Luis Grillo ('70) is aware of his roots every time he sets foot on the court to referee a pro game. "Coaches come over and ask about Jimmy. They know a ref's pedigree, his basketball DNA," said Grillo, an NBA official for 15 years. "Because I played for Jimmy Phelan, coaches know that when I miss a call, it was an honest mistake, nothing personal, and that I'm not trying to screw them. That's the comfort zone [Phelan] put me in.

"He was an excellent coach and the most unpretentious human being I ever met. Tell you what, if it was up to me, any coach who doesn't wear a bow tie [today] would get hit with a technical foul."

Phelan the player

Phelan was a typical basketball child of the 1940s. Growing up in an Irish-Italian enclave in South Philadelphia, he arrived at La Salle College in 1947 and immediately impressed teammates - not with his shooting and dribbling, but with his defense. Bob "Ace" McCann remembers Phelan's knees, which were frequently embedded in his own as he tried to drive.

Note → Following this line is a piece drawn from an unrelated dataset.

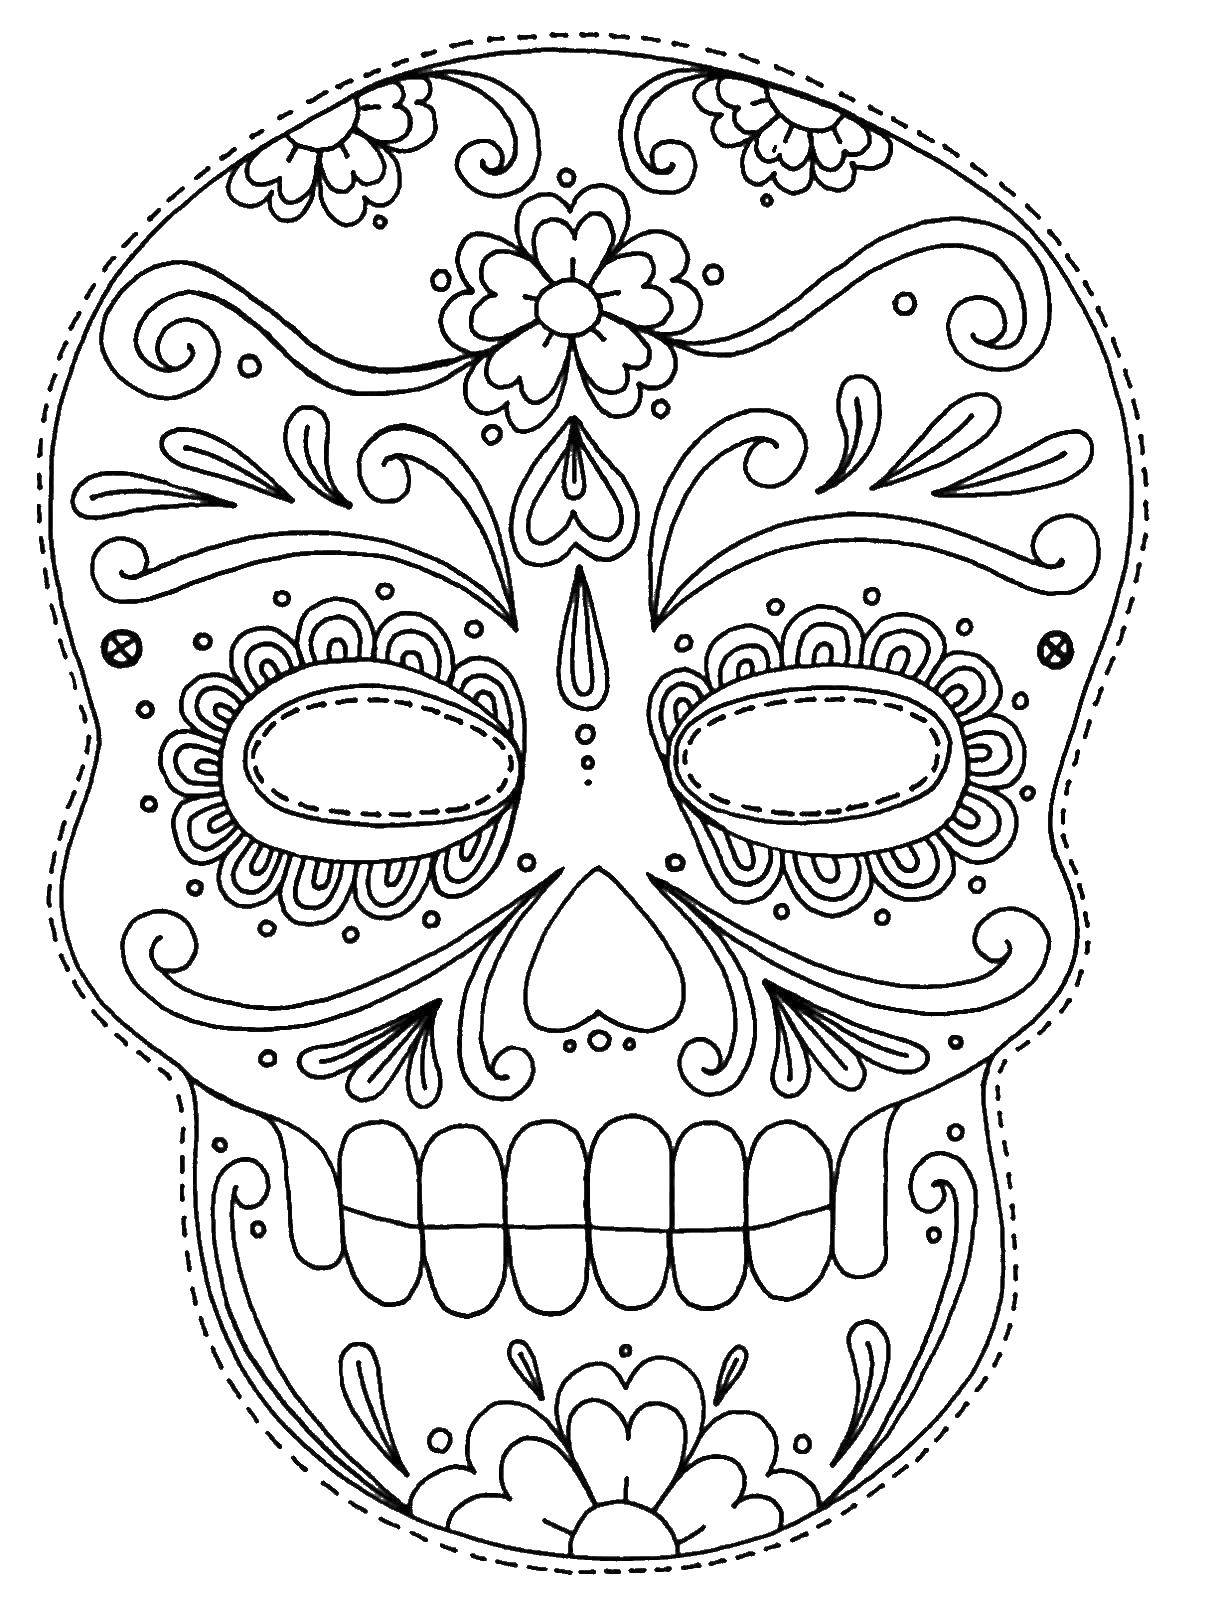 Название: Раскраска Красивый череп. Категория: Череп. Теги: череп, узоры, цветы.

"Best defensive player I ever saw," said McCann, the other backcourt star for La Salle's postwar national power. "Jim was a strong guy who liked to play you with his knees. He'd get right up on you and push his knees into your legs. I'd never seen anyone do that.

"We called him `Hawk' because he never gave up. That first scrimmage, I told him, `You won't last a game, the way you harass guys.'

"Well, I think Jim fouled out of one game in three years."